Without a proper understanding of the church, we might think our job is to end poverty. That would be amazing! But what if we are faithful for 30 years and everyone is still poor? Have we failed? Without a proper understanding of the church, we might think our job is to get everyone in the community off drugs and into jobs. That would be great! But what if joblessness remains a problem and the drug epidemic gets worse? Have we failed?

Don’t get me wrong, I’m all for jobs, addiction ministry, and helping people make money. Those are good works we need to discuss. My point is simply this: only Christ’s return will completely change the community. One day, He’ll come back, the wicked will be judged, and his Kingdom will be made visible.

Until then, the church is a group of strangers and aliens in a foreign land. We’re organized and directed by God through His Word. We live as salt and light. As the body of Christ, we testify to the world who He is and what He’s done.
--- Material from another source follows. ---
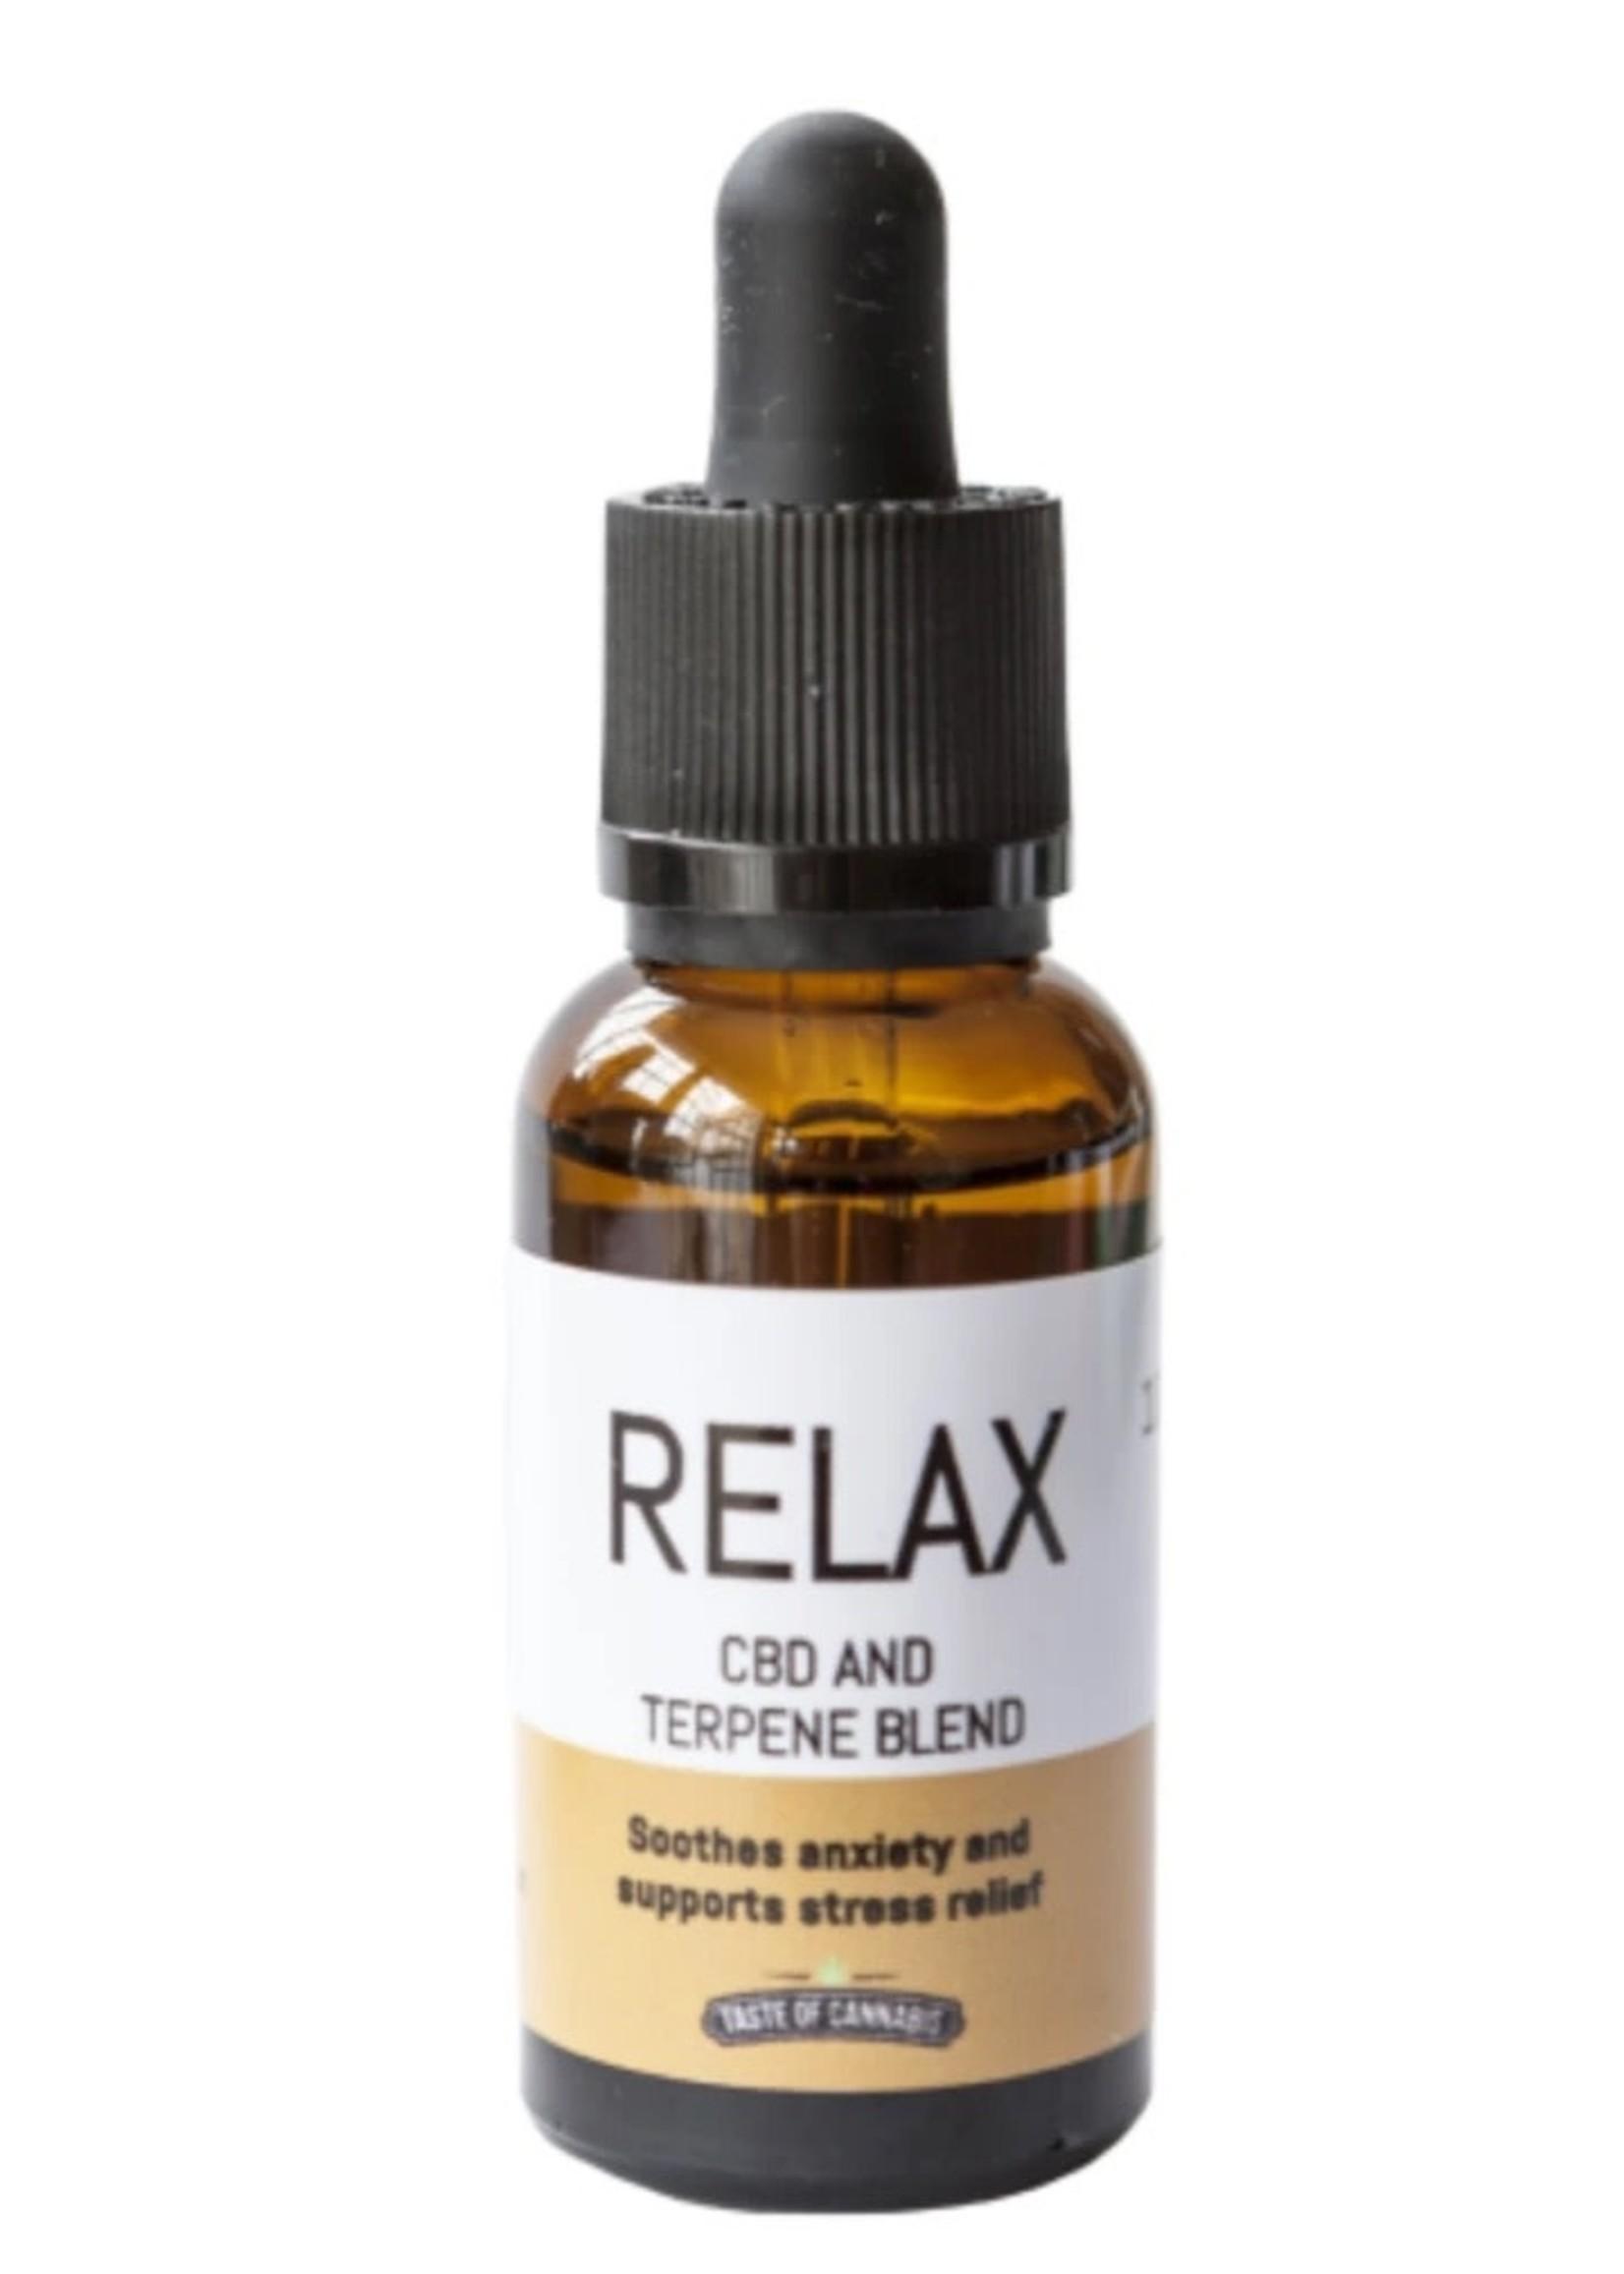 TOC CBD Full spectrum oil - relax 300mg

We are a beacon of hope for the lost. And we are a family of believers “encouraging one another, and all the more as you see the Day drawing near” (Hebrews 10:25).

Ecclesiology matters. As we develop healthy churches, we relentlessly and joyfully produce counter-cultural communities which accurately display God’s glory. One day, Jesus will return. Until that day, let us be reminded that Jesus said: “I will build my church” (Matt. 16:18). It’s His church. Let’s build and lead them the way He directs.